Um acordo esperado durante a visita de Lula é a certificação digital, que deve tornar o trâmite de produtos mais rápido e confiável, diminuindo a burocracia para os exportadores brasileiros. Há, ainda, um acordo que prevê a operação direta entre o real e o yuan, a moeda chinesa, sem necessidade de dolarização, que aambém deve facilitar o comércio entre os dois países.

Outras áreas de destaque na pauta do evento incluem o turismo entre os dois países, e investimentos. Existe, ainda, a expectativa de programas brasileiros de combate à fome, de proteção ao meio ambiente e de desenvolvimento sustentável passarem a ser vistos como referência pelo governo chinês.

Entre os cerca de 20 acordos bilaterais esperados durante a visita, também se destaca a construção do CBERS-6, o sexto de uma linha de satélites construídos em parceria entre Brasil e China. O diferencial do novo modelo é uma tecnologia que permite o monitoramento de biomas como a Floresta Amazônica mesmo com nuvens.

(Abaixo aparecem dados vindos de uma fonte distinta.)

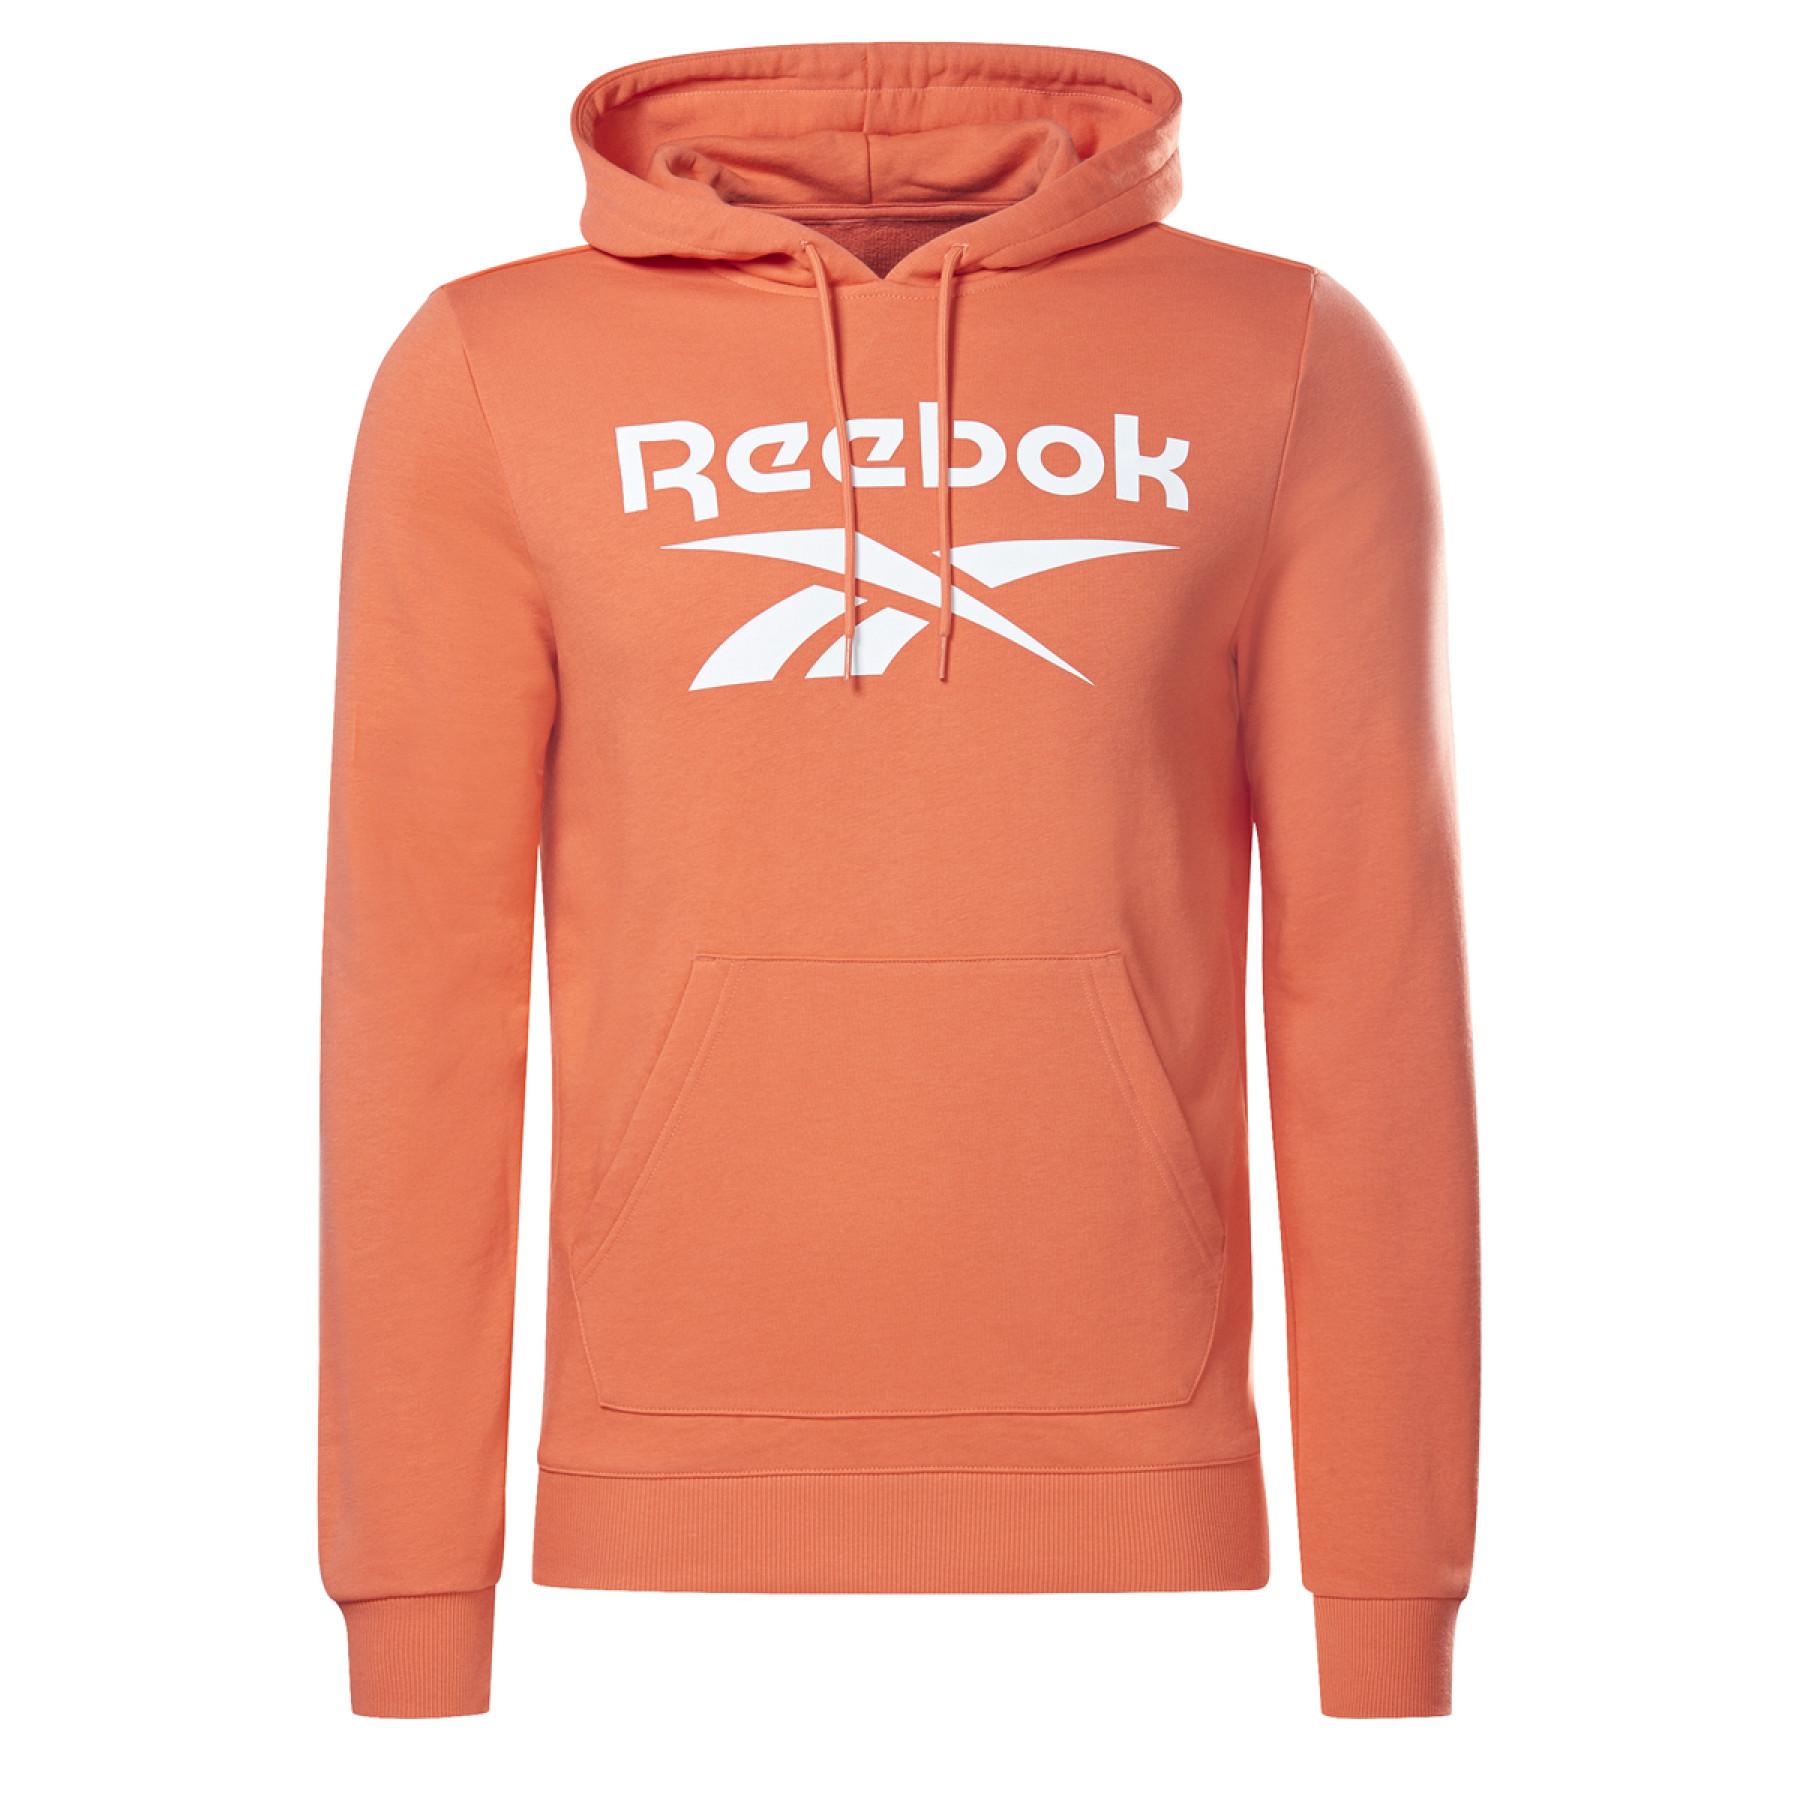 Hooded sweatshirt Reebok Identity Big Logo

Lula viajará acompanhado por uma delegação oficial que inclui os ministros Fernando Haddad (Fazenda), Marina Silva (Meio Ambiente e Mudança do Clima), Carlos Fávaro (Agricultura e Pecuária), Luciana Santos (Ciência, Tecnologia e Inovação), Mauro Vieira (Relações Exteriores), Alexandre Silveira (Minas e Energia), Paulo Teixeira (Desenvolvimento Agrário) e Wellington Dias (Desenvolvimento e Assistência Social).

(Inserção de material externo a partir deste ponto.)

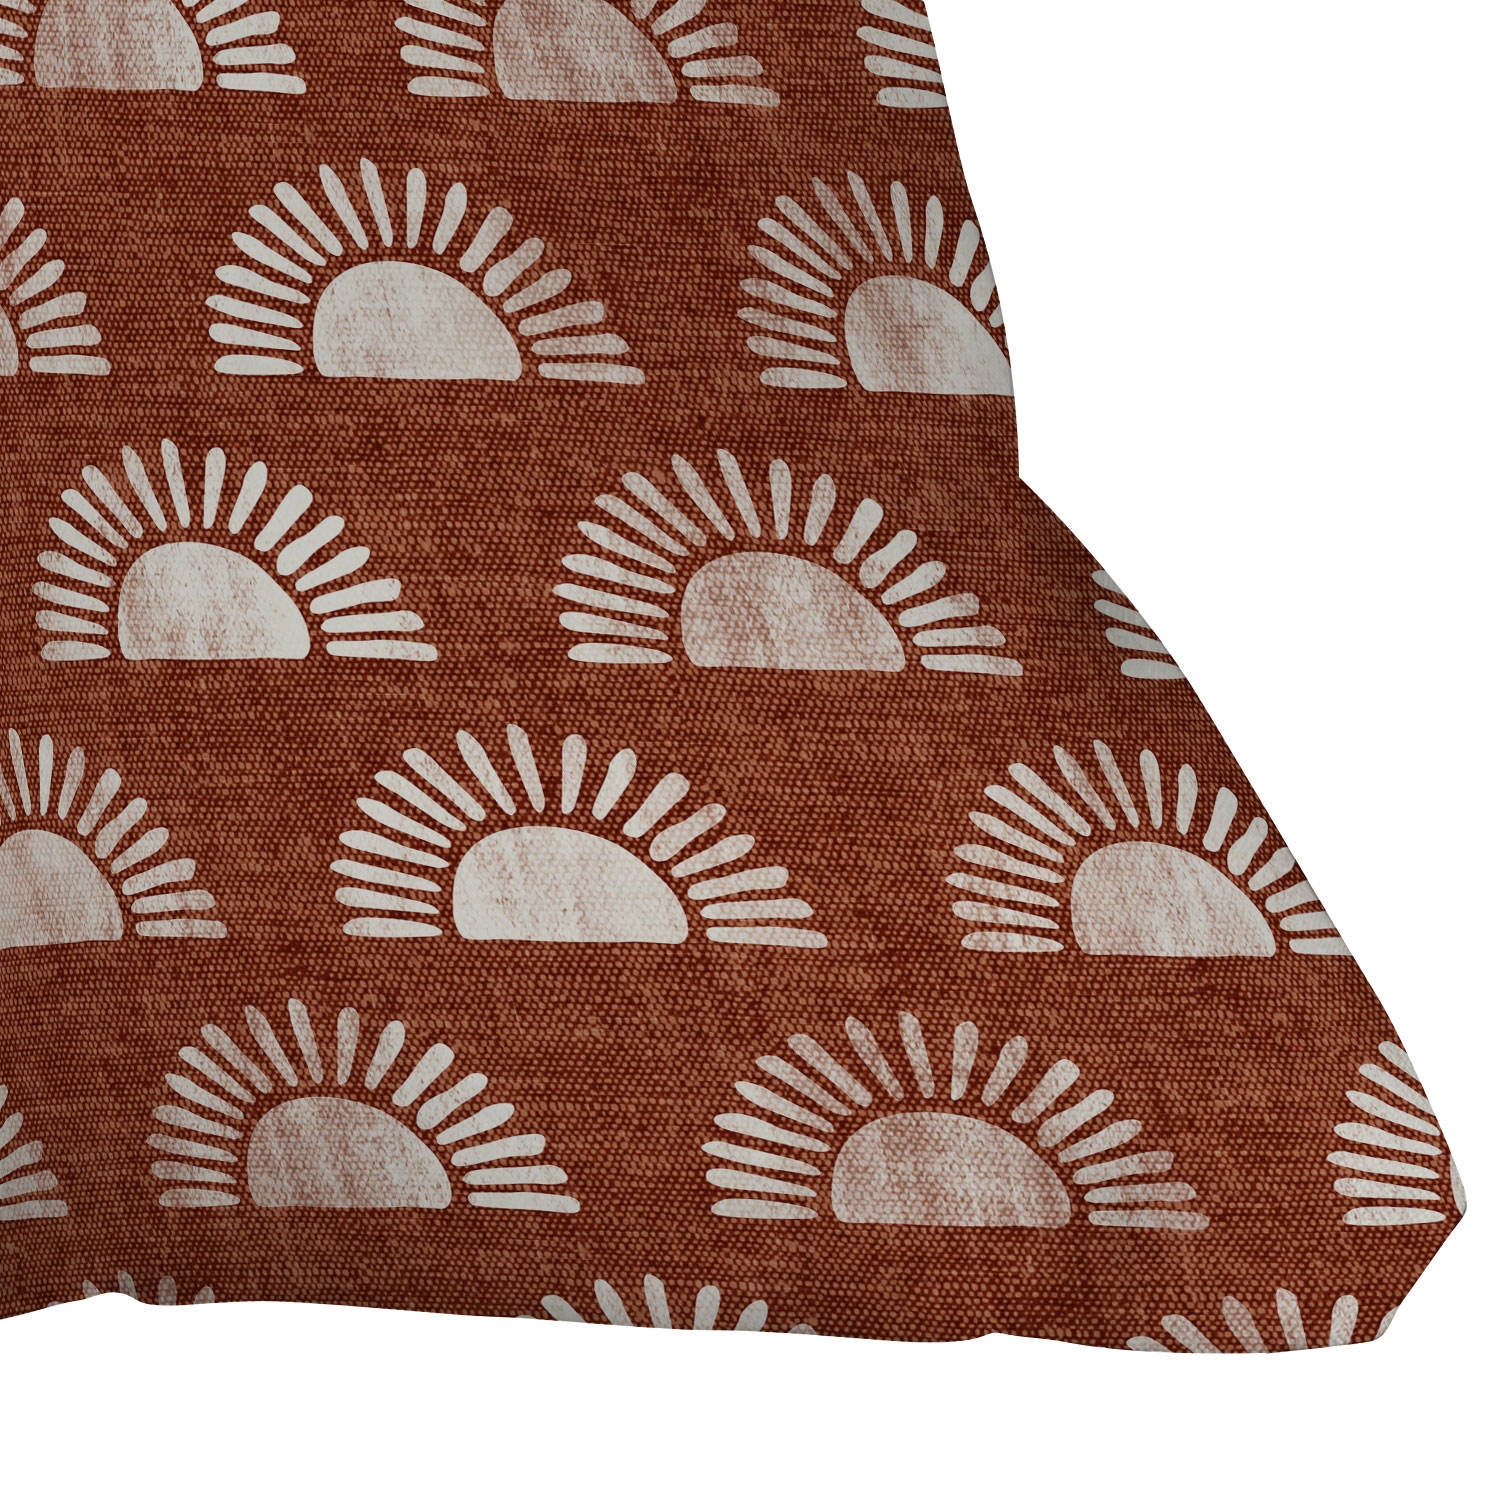 Block Print Suns On Rust by Little Arrow Design Co - Outdoor Throw Pillow 18" x 18" - Image 3

A delegação brasileira também irá incluir os governadores Jerônimo Rodrigues, da Bahia, Elmano de Freitas, do Ceará, Carlos Brandão, do Maranhão, Helder Barbalho, do Pará, e Fátima Bezerra, do Rio Grande do Norte.

Esta será a terceira visita oficial do presidente brasileiro à China. O ano de 2023 é o cinquentenário do início das relações comerciais entre Brasil e China. A primeira venda entre os dois países aconteceu em 1973, um ano antes do estabelecimento das relações diplomáticas sino-brasileiras.

Em 2022, o produto brasileiro mais vendido para o mercado chinês foi a soja, com 36% do total exportado, seguido pelo minério de ferro com 20% e o petróleo com 18%. O perfil da exportação mudou um pouco em janeiro e fevereiro de 2023, com o petróleo na liderança com 23%, seguido pela soja (22%) e o minério de ferro (21%).

O comércio com a China foi alavancado nos dois primeiros mandatos do presidente Lula. Em 2003, seu primeiro ano na presidência, as exportações para o mercado chinês somavam apenas US$ 4,5 bilhões e as importações, US$ 2,1 bilhões, um volume comercial de US$ 6,6 bilhões. No último ano do segundo mandato, em 2010, as exportações cresceram 582%, para US$ 30,7 bilhões, as importações foram para US$ 25,6 (aumento de 1.100%), para um volume comercial de US$ 56,3 bilhões (crescimento de 753%).

No retorno ao Brasil, o avião presidencial pousará em Abu Dhabi, capital dos Emirados Árabes Unidos. Lula fará uma visita oficial àquele país no próximo sábado.